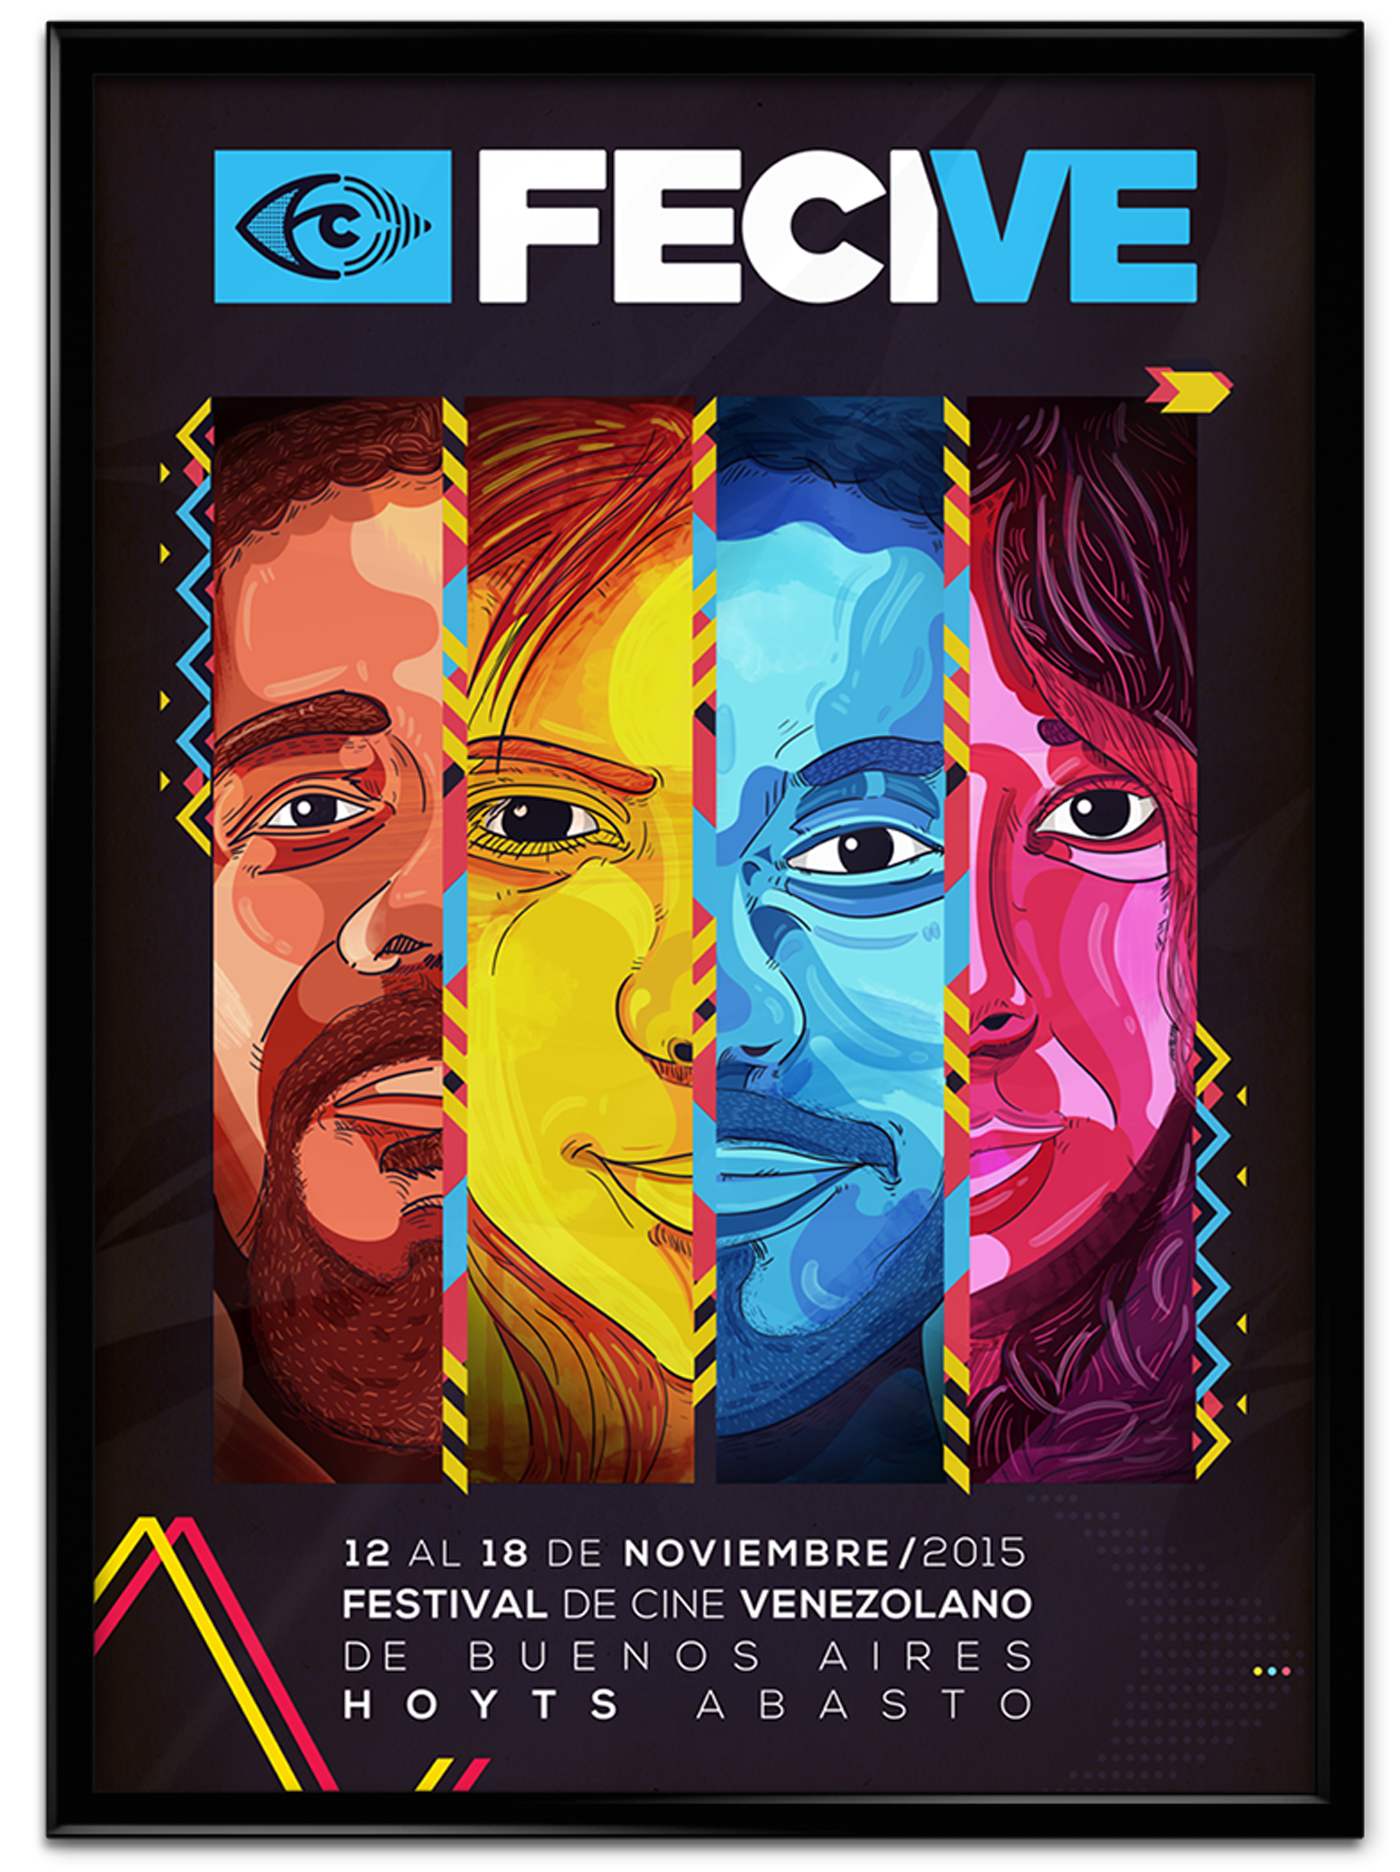 venezuela film festival buenos aires fecive eye movie poster caracas argentina pelicula wacom
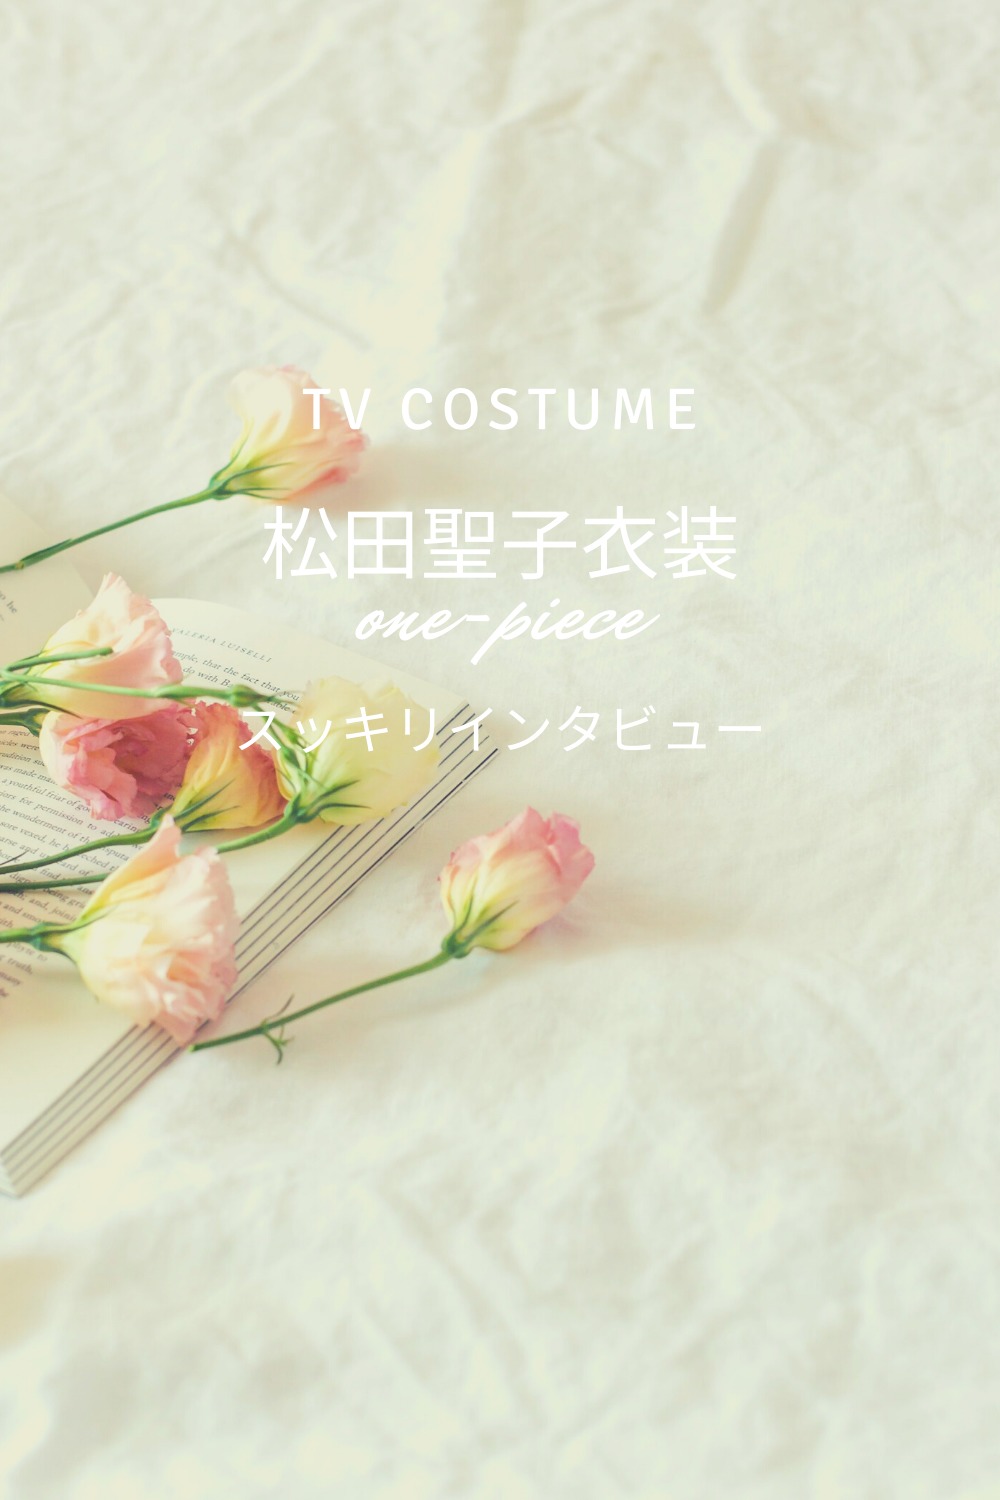 スッキリ松田聖子衣装ワンピースのブランドは 最新40周年アルバム 9 30放送 Fashiondrawer
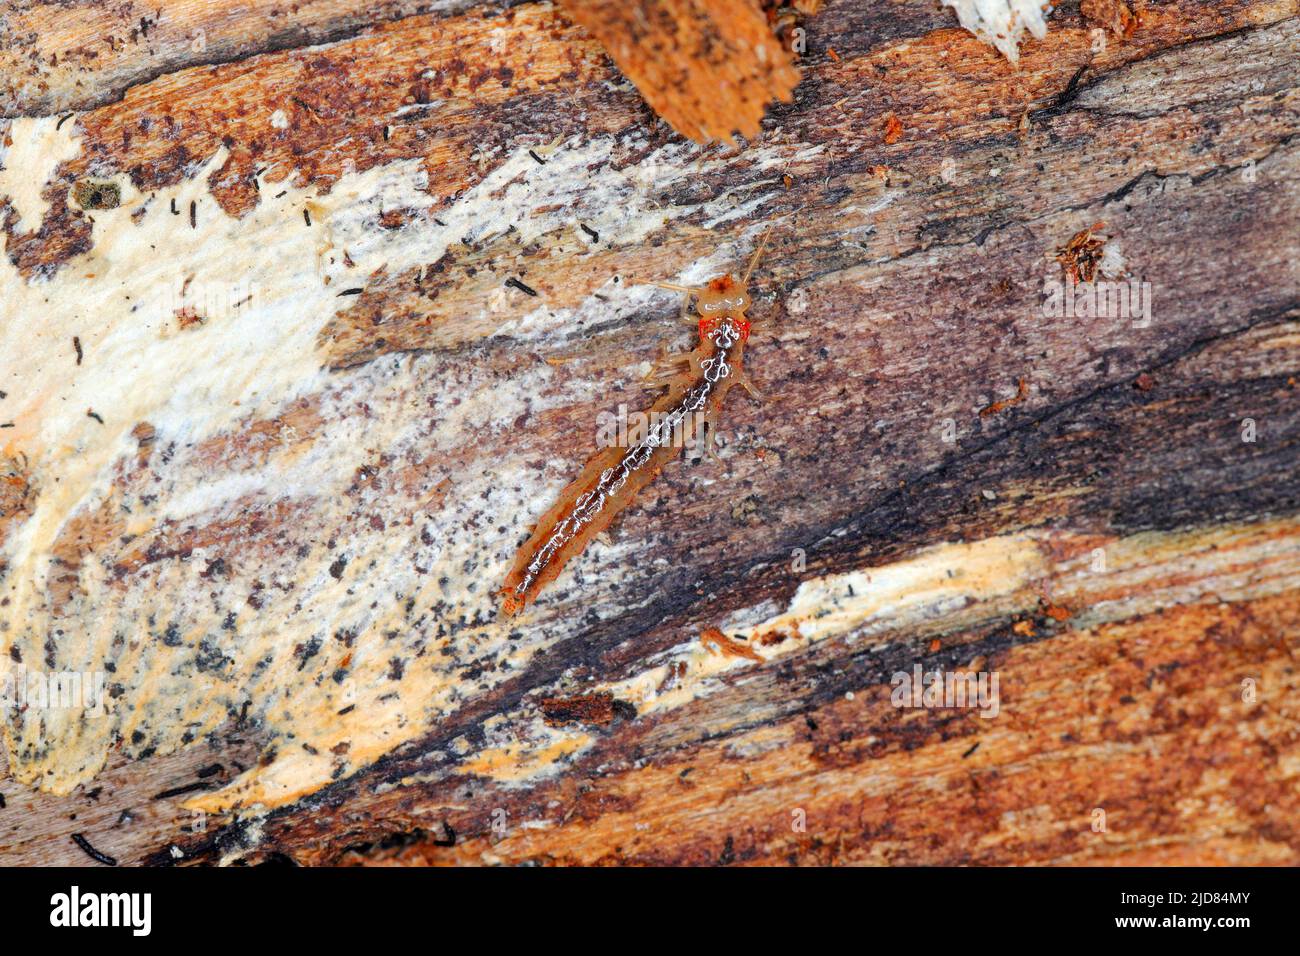 La larva del coleottero della famiglia degli scarabei (Staphylinidae) sotto corteccia. Sono agili cacciatori di peste Foto Stock

### What is expected:
The expected output is the whole listing, word for word, minus its pictures.

### Reply:
 venezuela film festival buenos aires fecive eye movie poster caracas argentina pelicula wacom
 スッキリ松田聖子衣装ワンピースのブランドは 最新40周年アルバム 9 30放送 Fashiondrawer
 La larva del coleottero della famiglia degli scarabei (Staphylinidae) sotto corteccia. Sono agili cacciatori di peste Foto Stock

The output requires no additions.